Just how far does the Equality Act reach?

Unlike the Supreme Court’s ruling in Bostock, the benefits of the Equality Act stretch far beyond the realm of employment. In addition to Title VII, the Equality Act would also expand “sex” to include sexual orientation and gender identity in the Civil Rights Act’s prohibitions against sex discrimination under Title II (public accommodations), Title III (public facilities), Title IV (public education), and Title VI (federal assistance). Even more, the Equality Act would amend the Civil Service Reform Act, the Fair Housing Act, the Equal Credit Opportunity Act, and federal laws related to jury selection. The current version of the bill would also prevent use of the Religious Freedom Restoration Act (RFRA) (which you may remember from the Supreme Court’s 2014 Hobby Lobby case) as a defense against enforcement of the Civil Rights Act. 

How should employers prepare for the potential enactment of the Equality Act?

Following last year’s decision by the Supreme Court, employers should have already updated their policies and trainings related to the prohibitions against discrimination and harassment to include the protected statuses of sexual orientation and gender identity. Non-religious employers who may have been resistant to these changes intending to rely upon the RFRA should be prepared to change course if the Equality Act passes in the Senate. Employers who have positions for which “sex” is a bona fide occupational qualification (BFOQ) should further be prepared to ensure that those positions are open to transgender individuals who identify with the applicable sex. Employers should also identify any spaces, such as bathrooms, that are currently segregated on the basis of sex and analyze whether changes will need to be made to protect the rights of transgender, non-binary, and/or other LGBTQ employees, customers, and invitees.

Employers lagging behind will need to get swiftly up to speed, as the Equality Act represents a widespread social, and not just political, change. Nonpartisan polling reveals significant national support for the Equality Act and its ideals, and the bill has been endorsed by more than 630 organizations and 350 major companies, including companies like IBM. 

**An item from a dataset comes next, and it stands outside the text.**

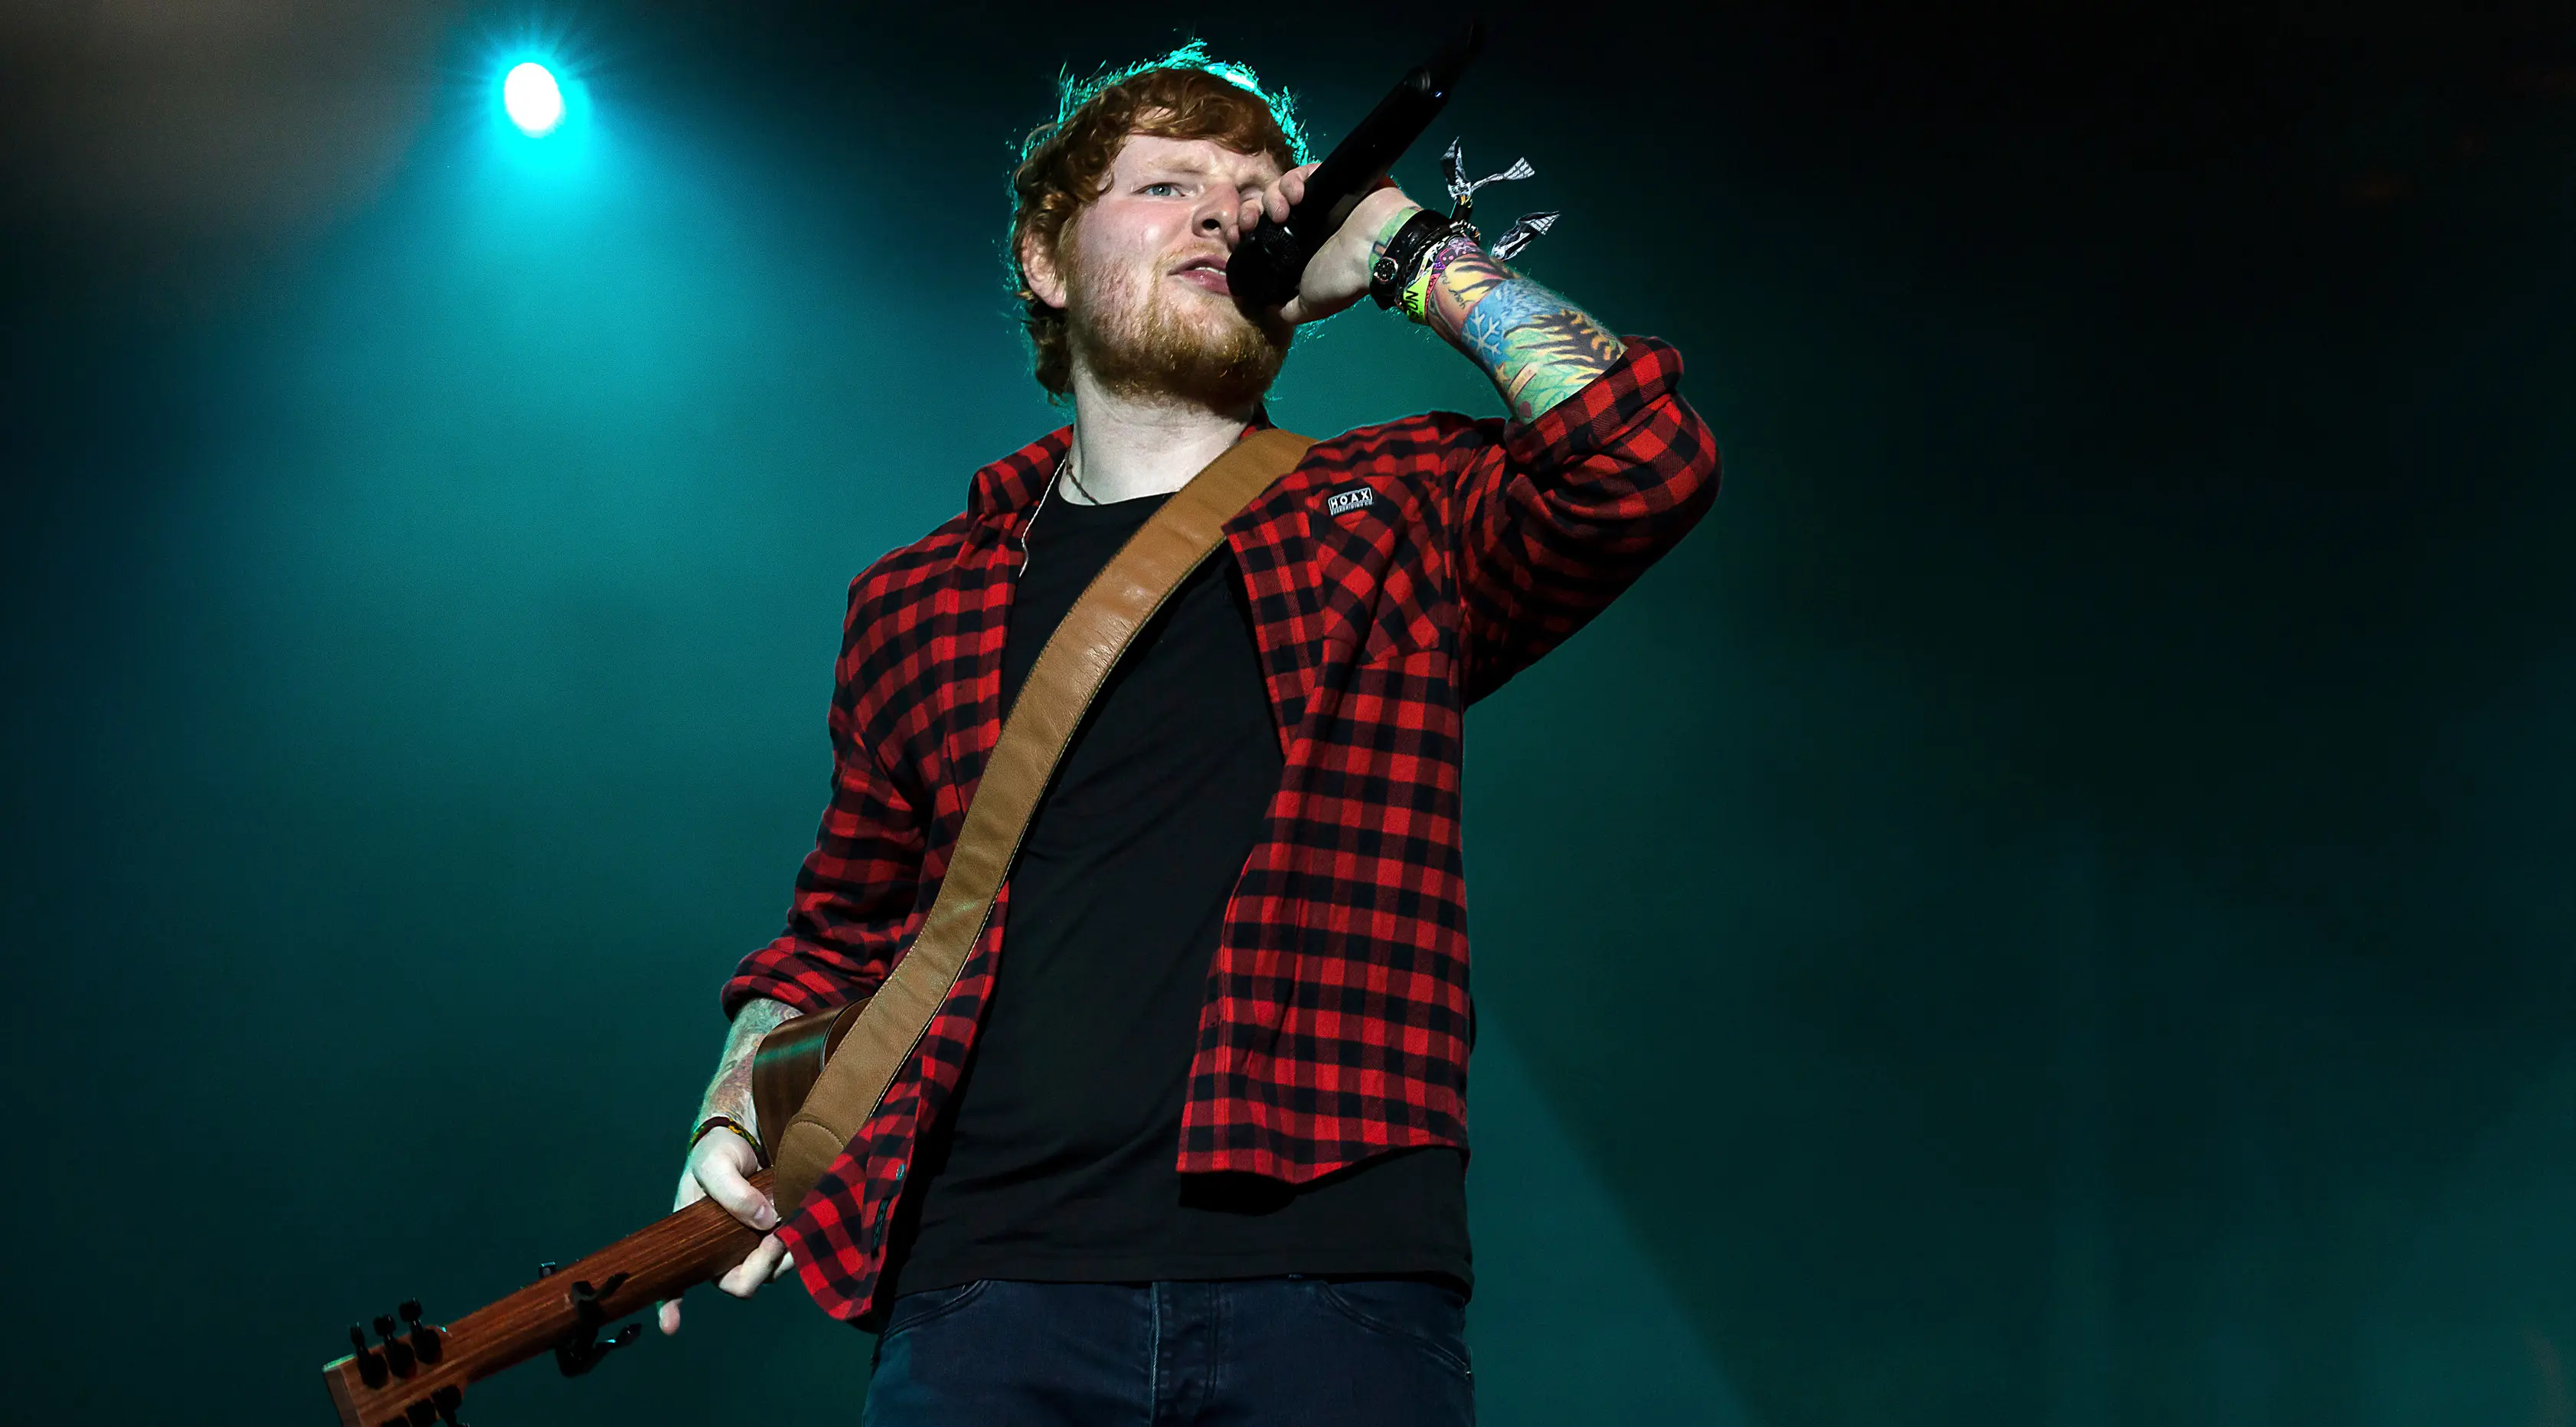 enyanyi Ed Sheeran saat tampil di Festival Glastonbury di Worthy Farm, di Somerset, Inggris (25/6). Solois sekaligus pencipta lagu, Ed Sheeran menjadi salah satu headliner paling ditunggu di Glastonbury Festival 2017. (Photo by Grant Pollard/Invision/AP)

"The U.S. already faces a shortage of qualified and experienced talent and key technology growth areas, such as artificial intelligence and blockchain, quantum computing, cybersecurity, as well as healthcare," Carla Grant Pickens, Global Chief Diversity and Inclusion officer at IBM, said during a press briefing. "It is in the best interest of the country to ensure that all talented individuals have equal opportunity, and are able to pursue careers in these areas in these critical fields that we require talent." But strengthening inclusive work environments "goes beyond employment practices and protections," Pickens said. "It's time that civil rights protections be extended to LGBT+ individuals nationwide on a clear, consistent and comprehensive basis." 

A 2019 report from the U.S. Chamber of Commerce Foundation found that LGBTQ-inclusive companies experience profoundly positive impacts, including increased revenue margins and lower employee turnover, and attract higher quality talent. The U.S. Chamber of Commerce has been an active supporter of the Equality Act and urged passage of the bill in a letter sent to House members prior to the recent vote, stating that “Equality under the law is essential to ensuring America’s free market system continues to thrive and to enabling our diverse workforce to reach its full potential without fear of discrimination.”